Has the world reached ‘peak fish’?, fish experts ask

shutterstock_519883603 [Rich Carey]

This week’s meetings of the European Parliament’s committee on fisheries (11-12 July) saw fish experts tackling the growing issues of overfishing, small-scale fisheries and fish dependence.

The same week, Slow Food, an organisation that promotes sustainable food production,  organised a workshop dealing with fishing issues.

“The solution lies at the end of the food chain: the customers,” Ugo Federico, a chef at restaurant Racine in Brussels, told the workshop. “They should be better informed as to where the fish comes from and how it was fished. For example, you don’t see any label showing if a fish comes from aquaculture or not.”

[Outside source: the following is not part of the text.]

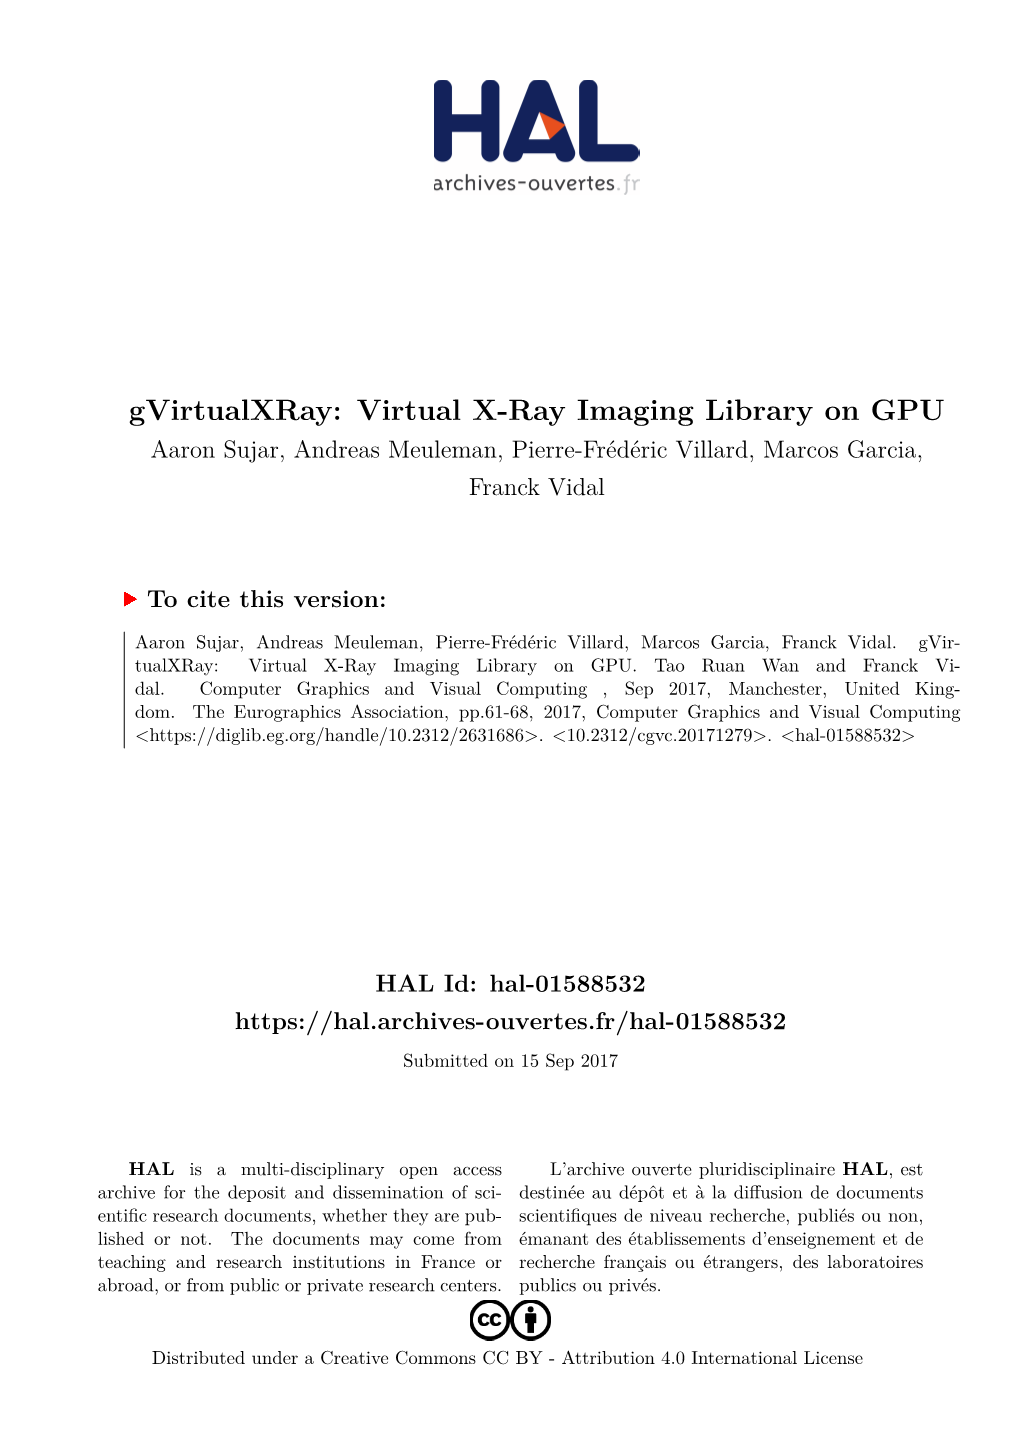 Gvirtualxray: Virtual X-Ray Imaging Library on GPU Aaron Sujar, Andreas Meuleman, Pierre-Frédéric Villard, Marcos Garcia, Franck Vidal

Brian O’Riordan, deputy director at Low Impact Fishers of Europe (LIFE), underlined the need to advertise other fish species, besides the most popular ones, in order to avoid their overfishing.

“To be a truly responsible customer, you need to take your responsibilities. But is it possible?” he also asked.

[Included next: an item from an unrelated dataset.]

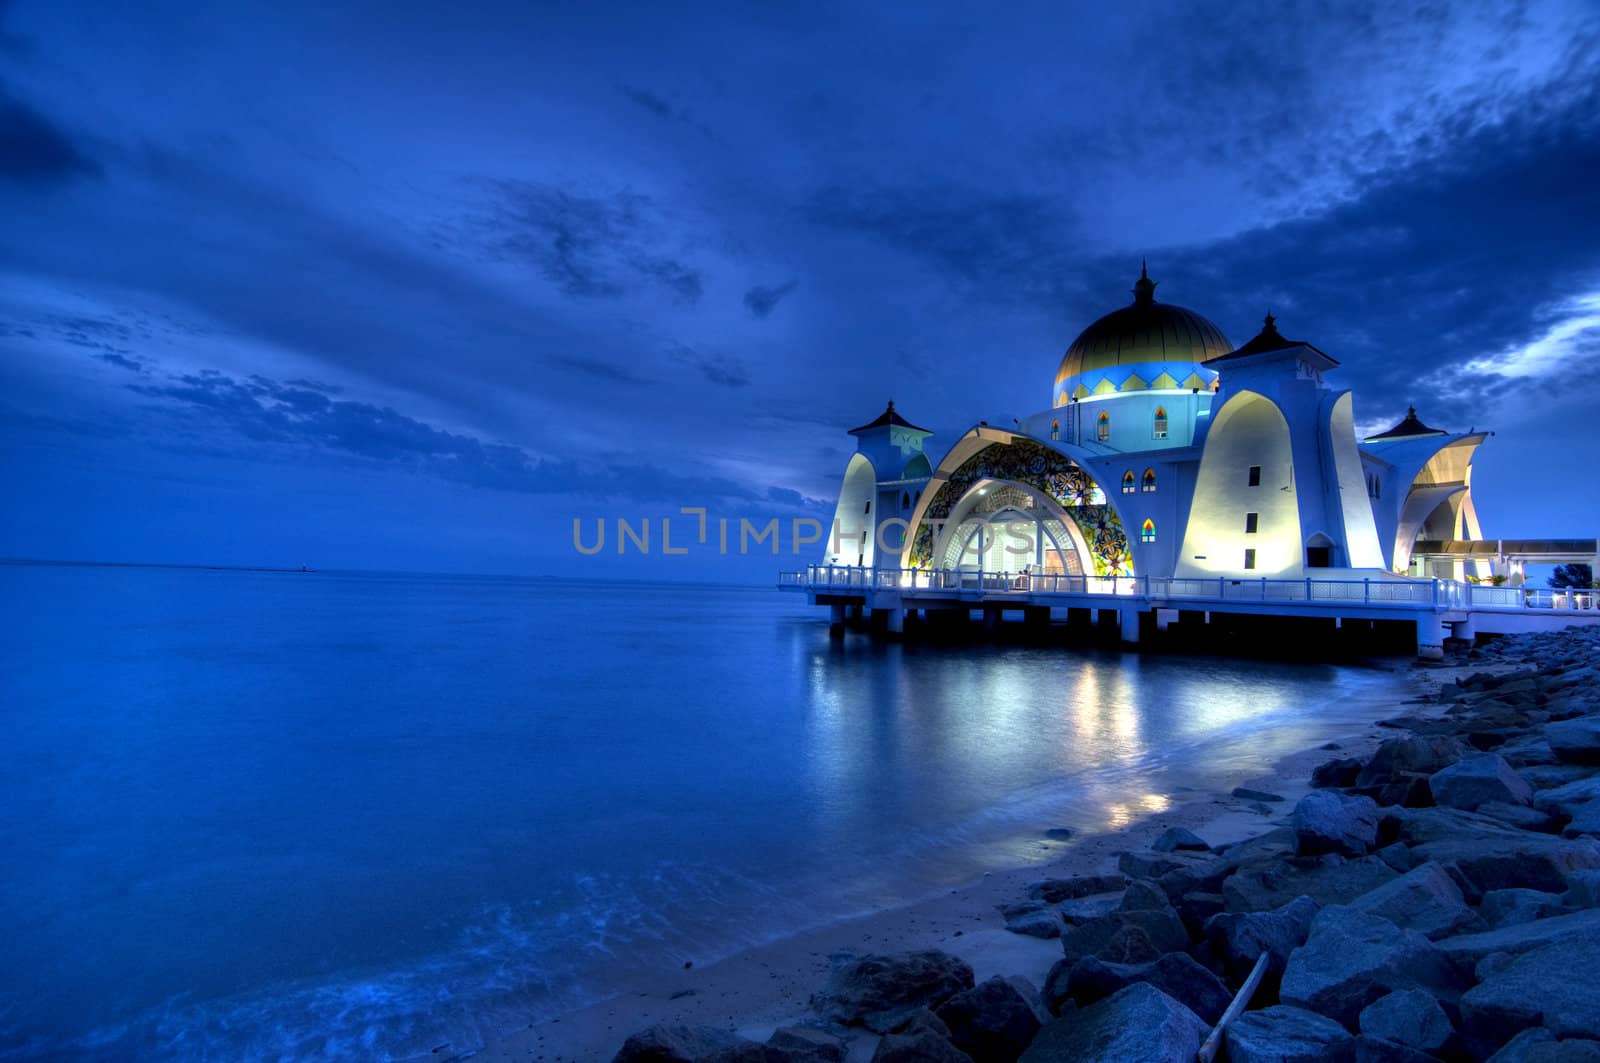 selat mosque on the sea in melaka,malaysia

The Slow Food event gathered EU officials from DG MARE, DG Environment, the European Maritime and Fisheries Fund, and FARNET, as well as environmental NGOs from Our Fish, LIFE, Pintafish, Climaxi, Goede Vissers, the French Permanent Representation to the EU, and fishers and fishmongers from the Slow Food network.

The roundtable discussions focused on fish dependence and the gaps, challenges, and barriers for the implementation of the Common Fisheries Policy (CFP) for small-scale fishers in Europe.

The discussion took place on fish dependence day. Slow Food explained that the Fish Dependence Day (FDD) is the calendar date when a country will begin relying on fish from elsewhere because its domestic supplies will have been depleted.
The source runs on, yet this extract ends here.